- Records supplied
↓

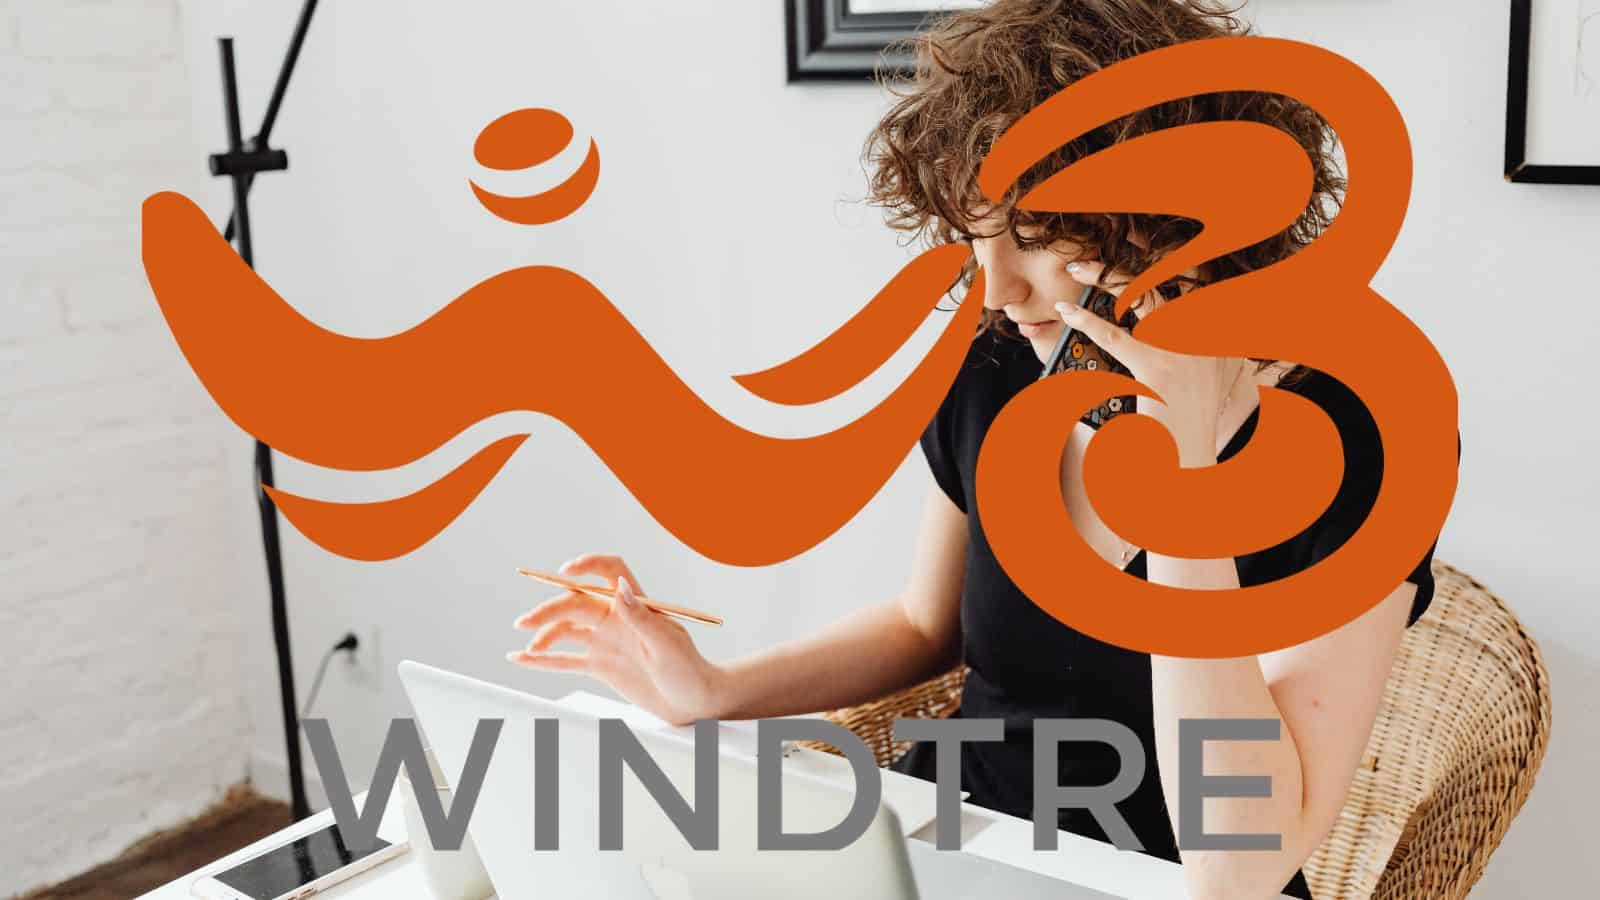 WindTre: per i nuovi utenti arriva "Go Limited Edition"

↑
↓

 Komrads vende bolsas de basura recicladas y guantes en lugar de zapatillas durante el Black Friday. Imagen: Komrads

↑
↓

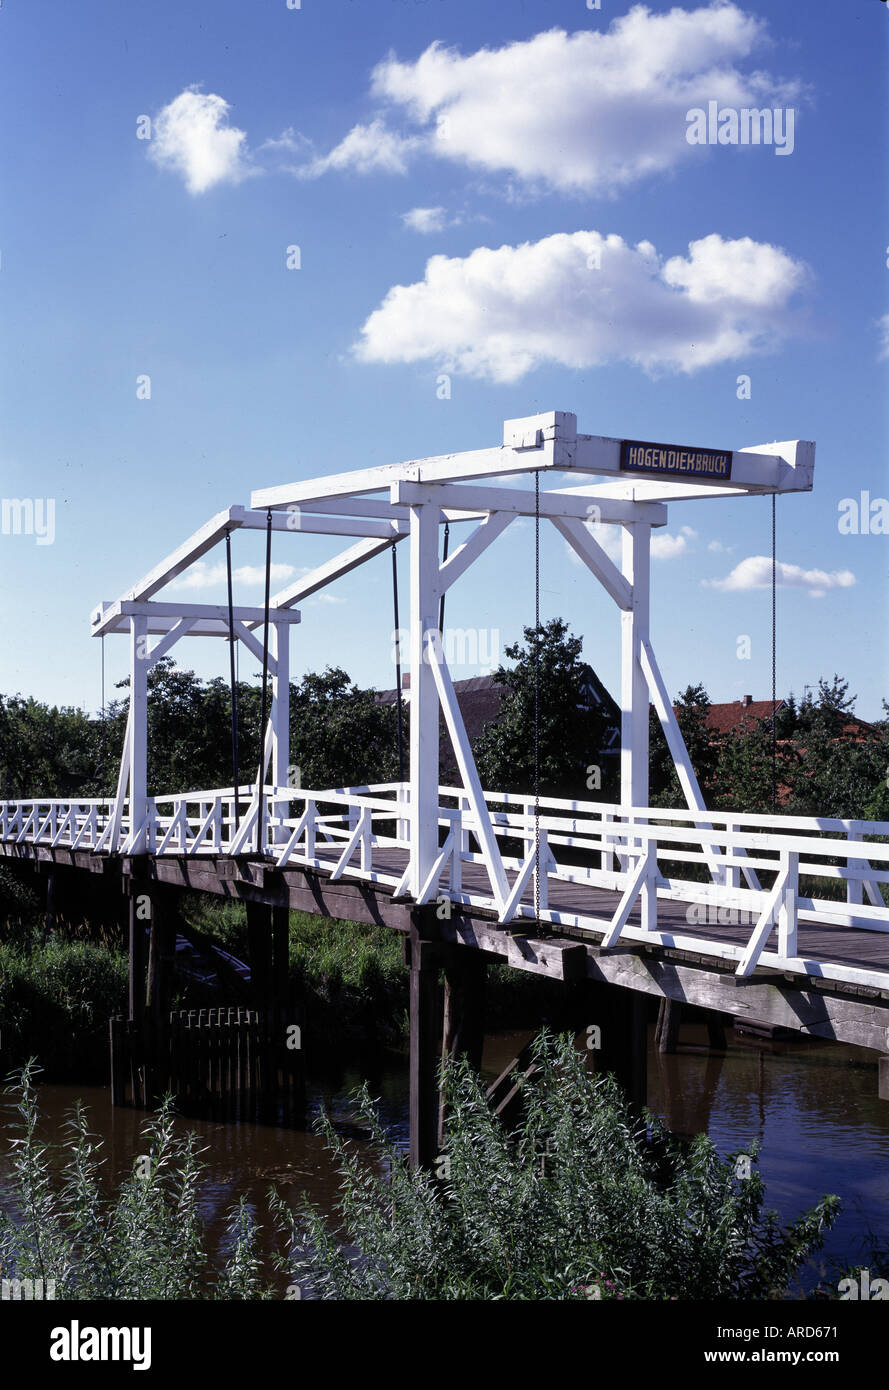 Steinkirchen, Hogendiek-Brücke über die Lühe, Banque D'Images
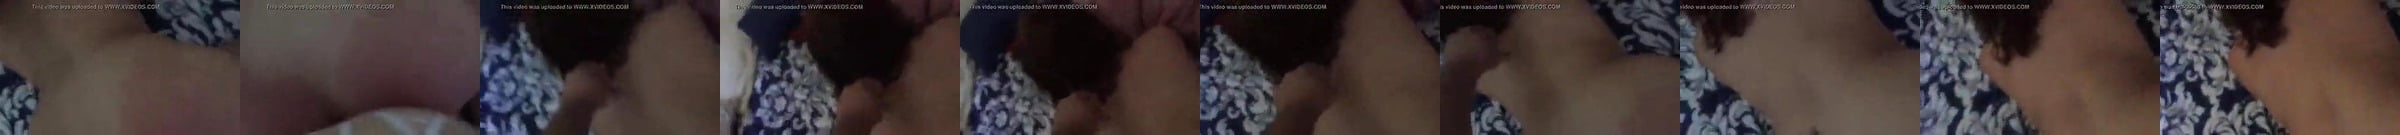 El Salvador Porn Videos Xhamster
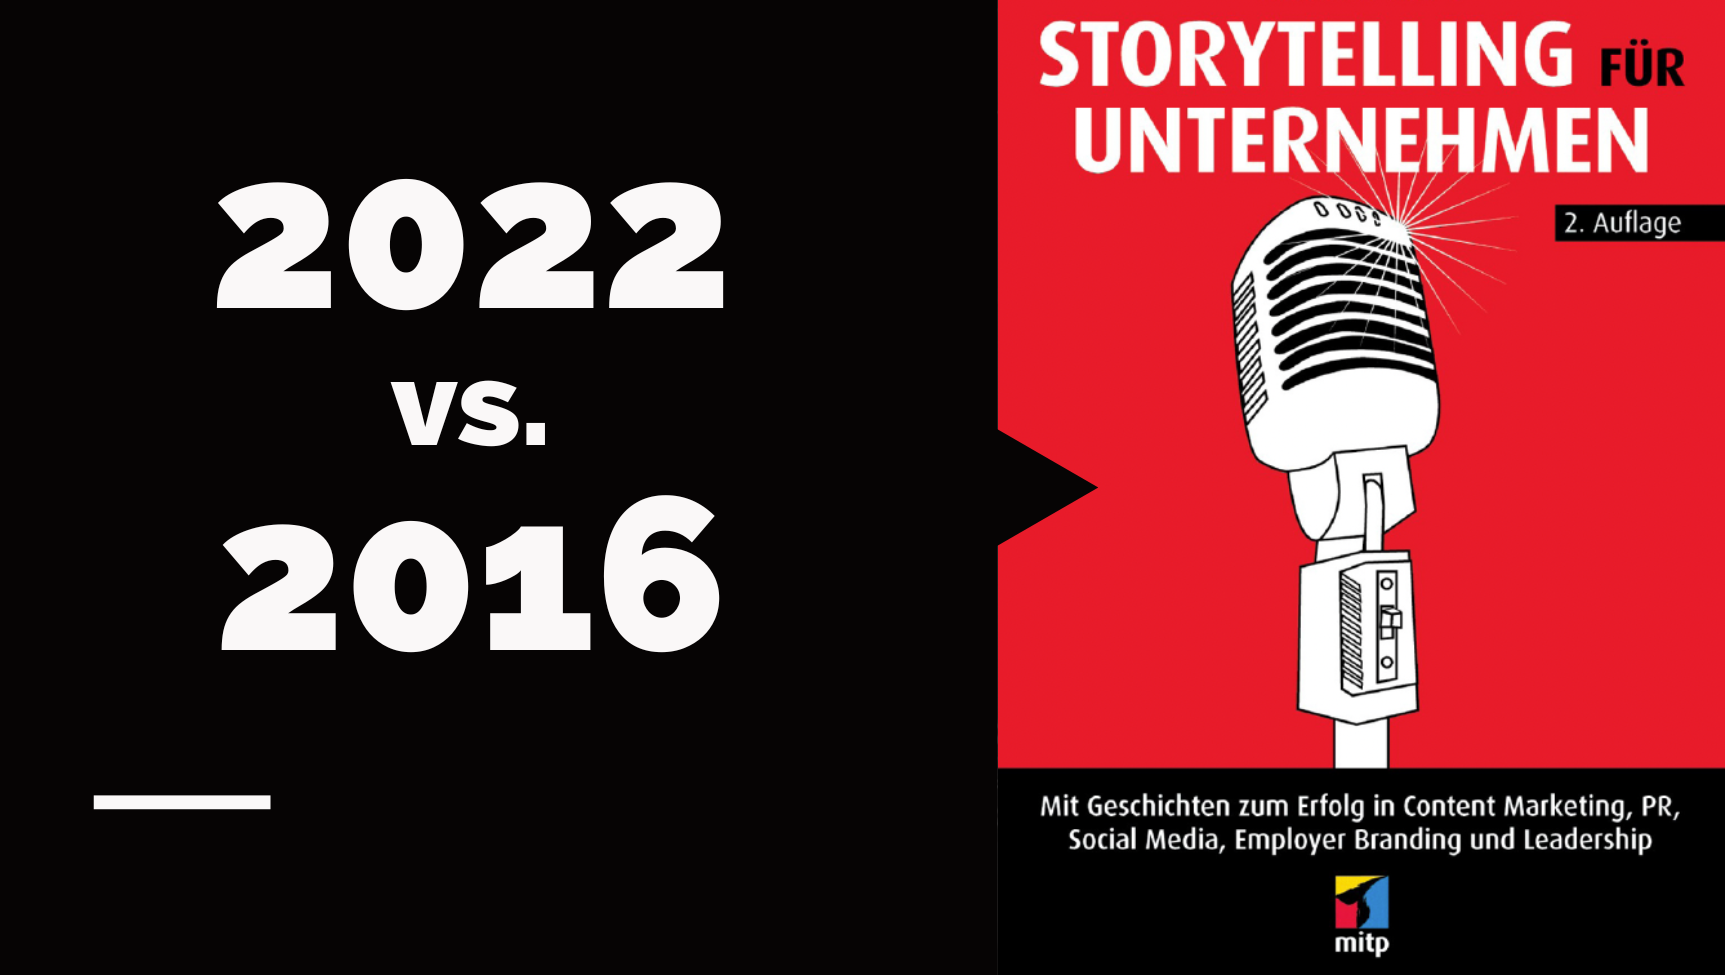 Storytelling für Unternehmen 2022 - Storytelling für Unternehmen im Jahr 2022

↑

- Prompt
From the records above, copy only the lines running from the line containing "El Salvador Porn Videos Xhamster" to the line containing "Storytelling für Unternehmen", both ends included. Leave the pictures out.

- Solution to the exercise
 El Salvador Porn Videos Xhamster
 Storytelling für Unternehmen 2022 - Storytelling für Unternehmen im Jahr 2022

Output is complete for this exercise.